HIRSCH EFFEKT, THE - Kollaps
Mehr über Hirsch Effekt, The
- Genre:
- Artcore / Mathcore / Avantgarde / Progressive Metal
- ∅-Note:
- 8.00
- Label:
- Long Branch / SPV
- Release:
- 08.05.2020
- Kris
- Noja
- Deklaration
- Allmende
- Domstol
- Moment
- Torka
- Bilen
- Kollaps
- Agera
Komprimierter Wahnsinn.
Der HIRSCH EFFEKT ist hierzulande mittlerweile ein etabliertes musikalisches Phänomen und darf sich auch international über zunehmende Aufmerksamkeit freuen. Gleichzeitig können die Hannoveraner mittlerweile nicht mehr auf den Überraschungseffekt bauen, mit dem Hörerinnen und Hörer beim Erstkontakt mit dem irrsinnigen, süßlichen, gehirnverknotenden Sound des Trios anfangs noch entwaffnet und geplättet wurden. "Kollaps", Hirsche-Album Nr. 5, passt nun nicht nur thematisch zufälligerweise in das globale Krisenjahr 2020, auch musikalisch beschreiten unsere Landsleute heuer einen Weg, der ihnen noch breitere Publikumsschichten erschließen dürfte, ohne dass dafür dramatisch von den bisherigen Trademarks der Band abgewichen werden muss.

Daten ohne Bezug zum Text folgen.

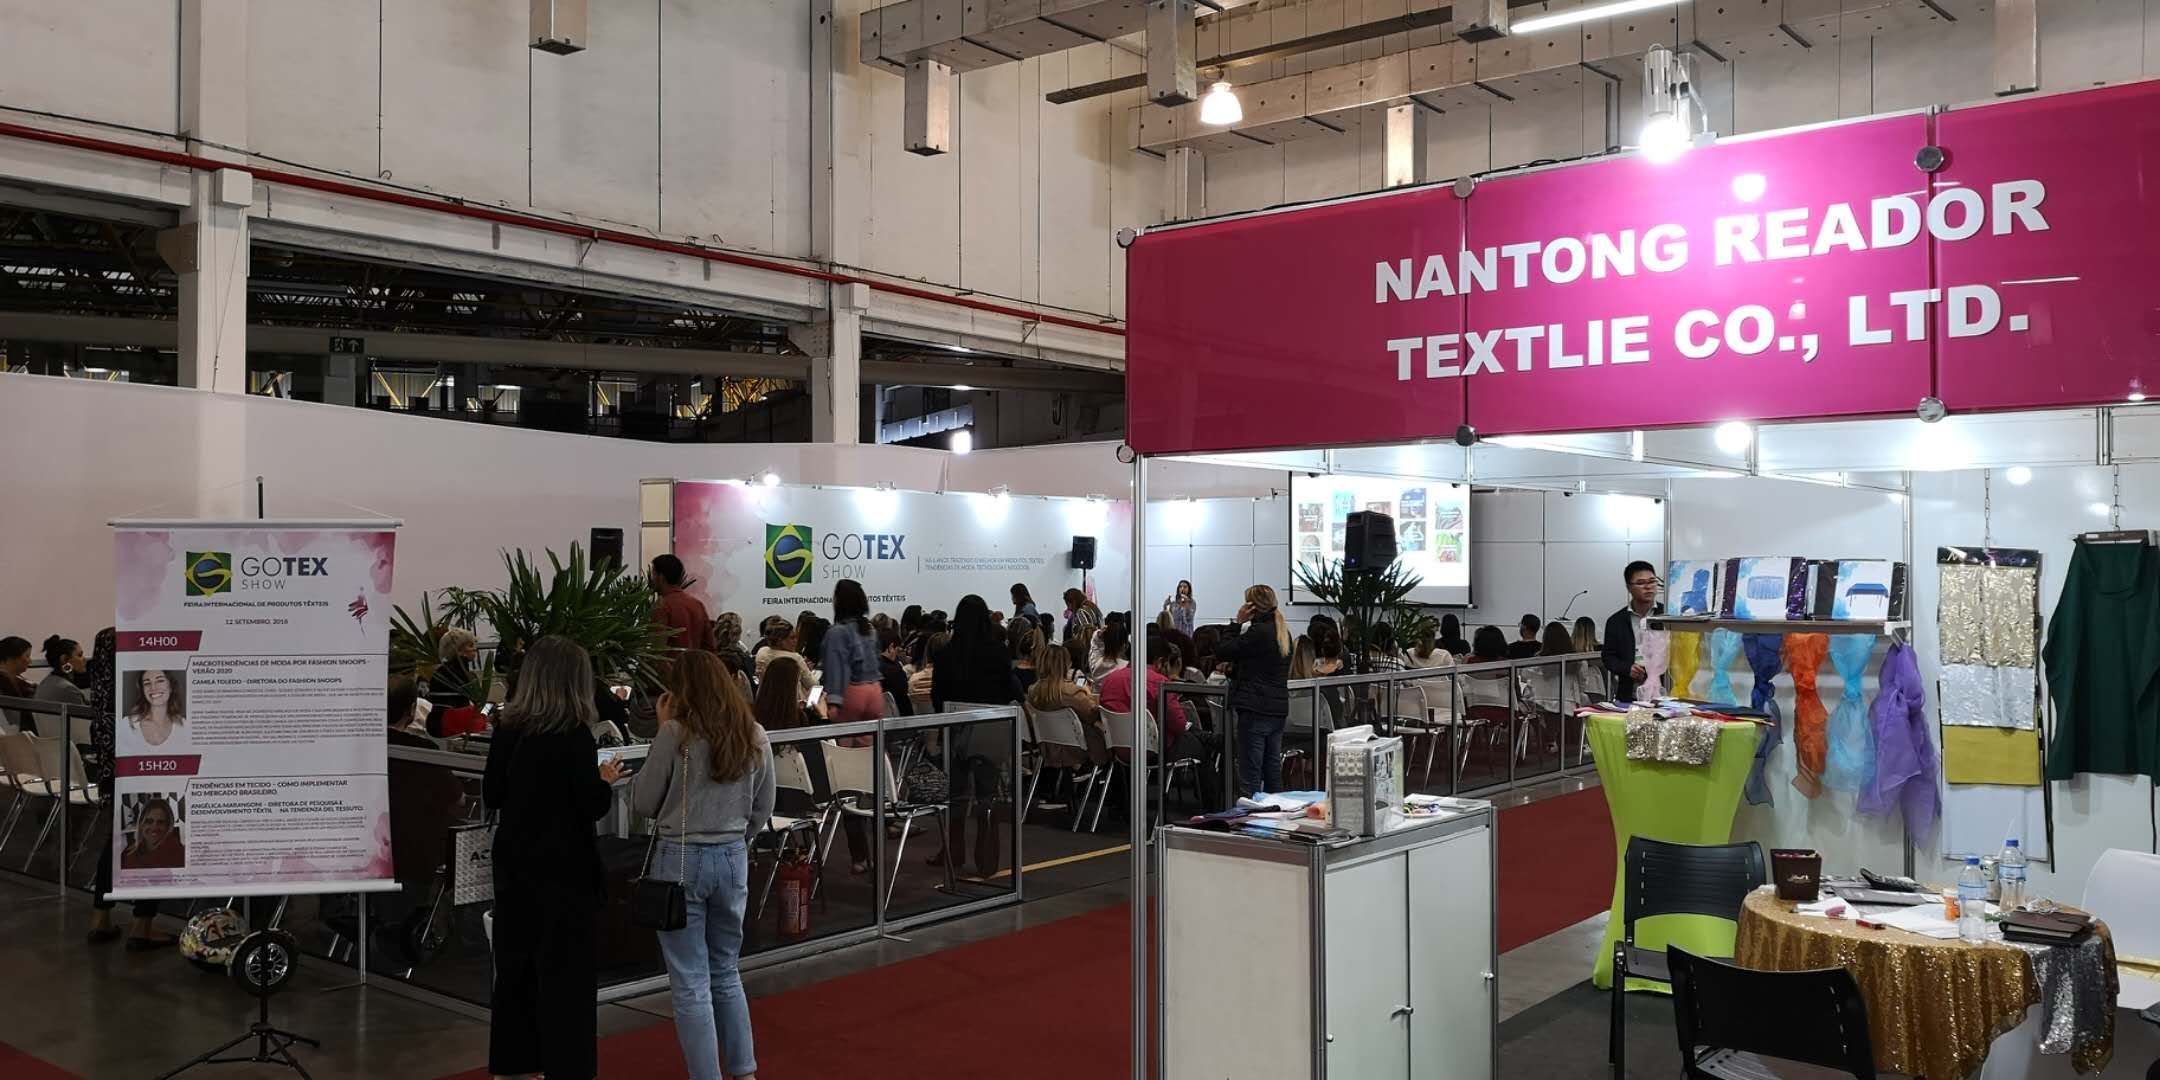 Nantong reador textile Co.,Ltd participates in the Brazil GOTEX Show
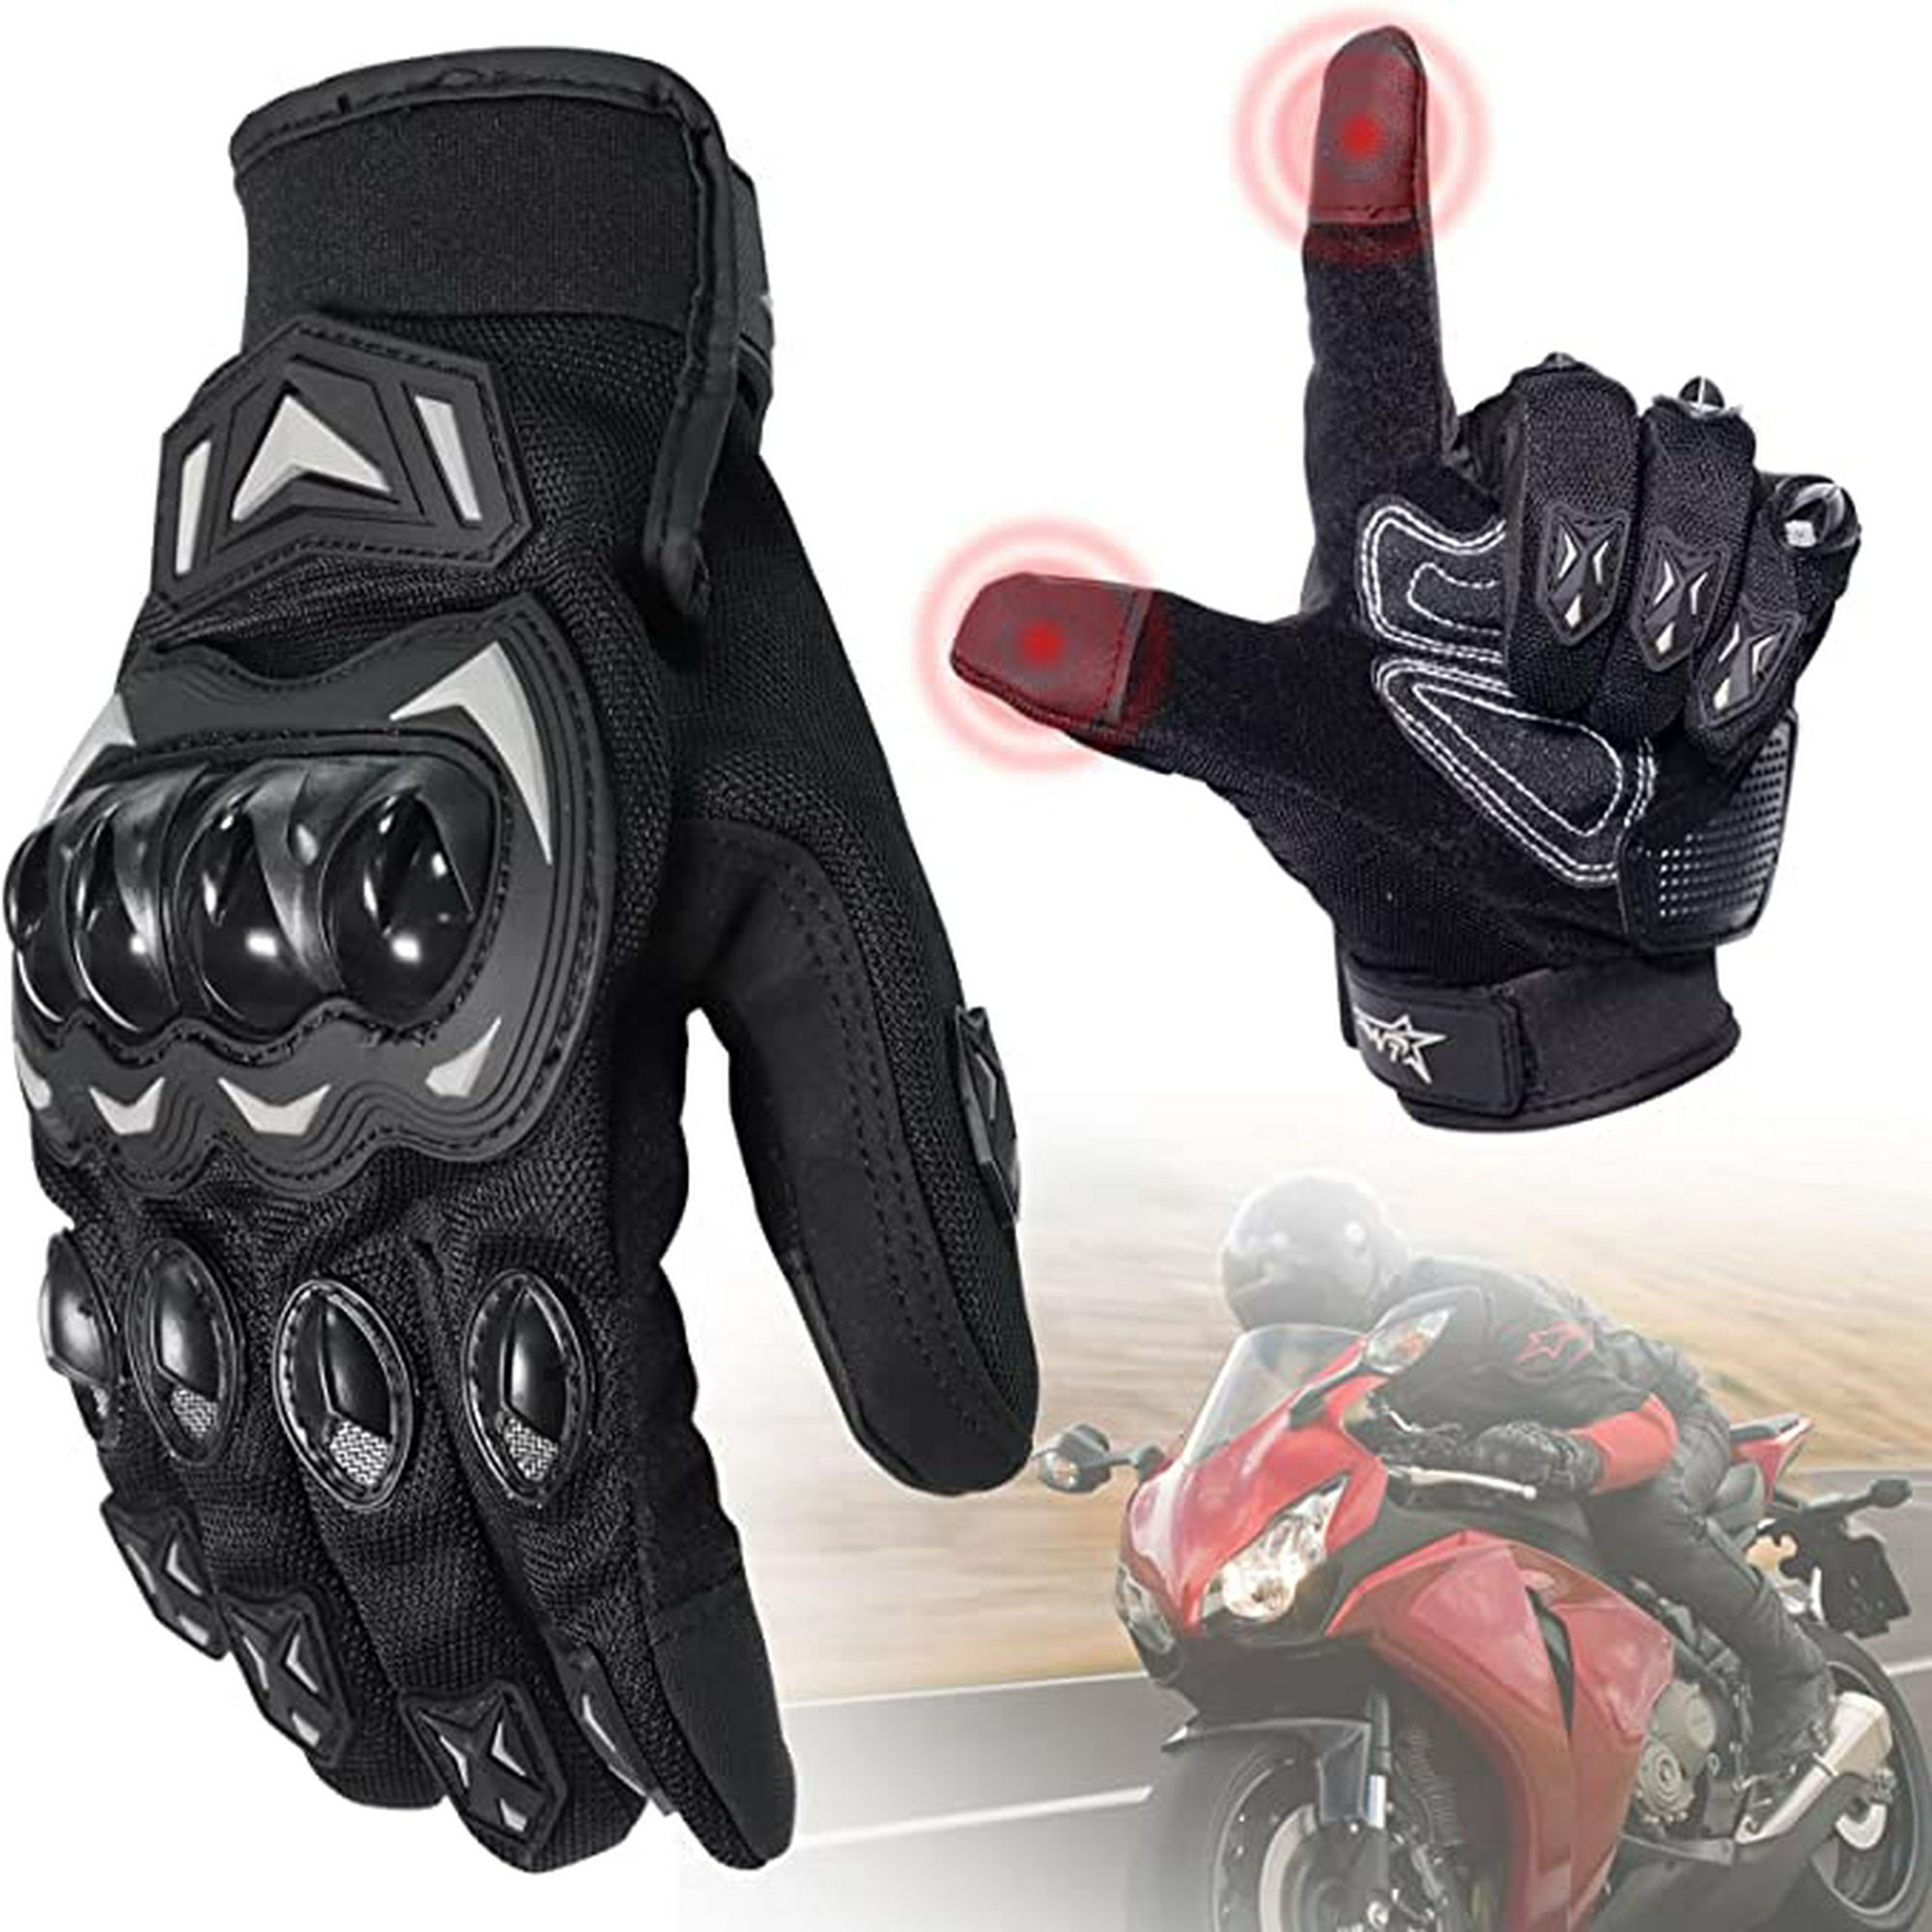 Guantes Moto Cuero Tactil Proteccion Motociclista Black - Negro

Das Stichwort auf "Kollaps" lautet Komprimierung. Nils Wittrock und seine beiden Mitstreiter scheinen sich mittlerweile im knackigen Fünf-Minuten-Format wohl zu fühlen; ausufernde Klangungetüme wie 'Lysios' oder 'Cotard' sind auf dem neuen Zehntracker der Niedersachsen nicht zu finden. Mit der kürzeren Durchschnittsspielzeit wird THE HIRSCH EFFEKT auch für eine Hörerschaft interessant, die wenig Geduld für epische Zehnminüter aufbringt. Dadurch fällt der Hirsche-Sound diesmal etwas weniger verkopft aus – ihre wahnwitzige Komplexität, das sei als Entwarnung gleich gesagt, bringt die Truppe aber auch in kürzeren Kompositionen unter.
Wieder gelingt THE HIRSCH EFFEKT die Auftaktüberraschung: Eine ungewöhnliche, aufgekratzte Percussion-Einlage eröffnet 'Kris', lässt kurzzeitig Zweifel aufkommen, ob hier noch dieselbe Kapelle am Werk ist – doch die ungeduldig einsetzende Gitarre beseitigt alle Zweifel, zieht die Spannung an, ehe schließlich die vertrackte Hirsche-Rhythmusfraktion ein- und das Fan-Herz in Ekstase versetzt. Eine richtig coole, eingängige und knackige Auftaktnummer. Mit 'Noja' wird es im Anschluss hektischer, rauer und wieder wunderbar rhythmisch vertrackt – und "eskapistisch"-metallischer. Inhaltlich schält sich ein Grundthema des Albums heraus: die Blindheit und Unfähigkeit unserer Gesellschaft, auf die aufziehende ökologische Katastrophe angemessen zu reagieren – "es wird schon nicht so furchtbar schlimm nicht sein." Nur rund vier Minuten dauern die ersten beiden Songs; das folgende 'Deklaration' fällt noch kürzer aus, diesmal aber schon beinahe grindig-chaotisch und auffällig SYSTEM OF A DOWN-lastig, vor allem in Sachen schräger Gesangseinlagen. Das Auftakttrio macht derb Laune und steht exemplarisch für die komprimiert-wahnsinnige Herangehensweise auf "Kollaps".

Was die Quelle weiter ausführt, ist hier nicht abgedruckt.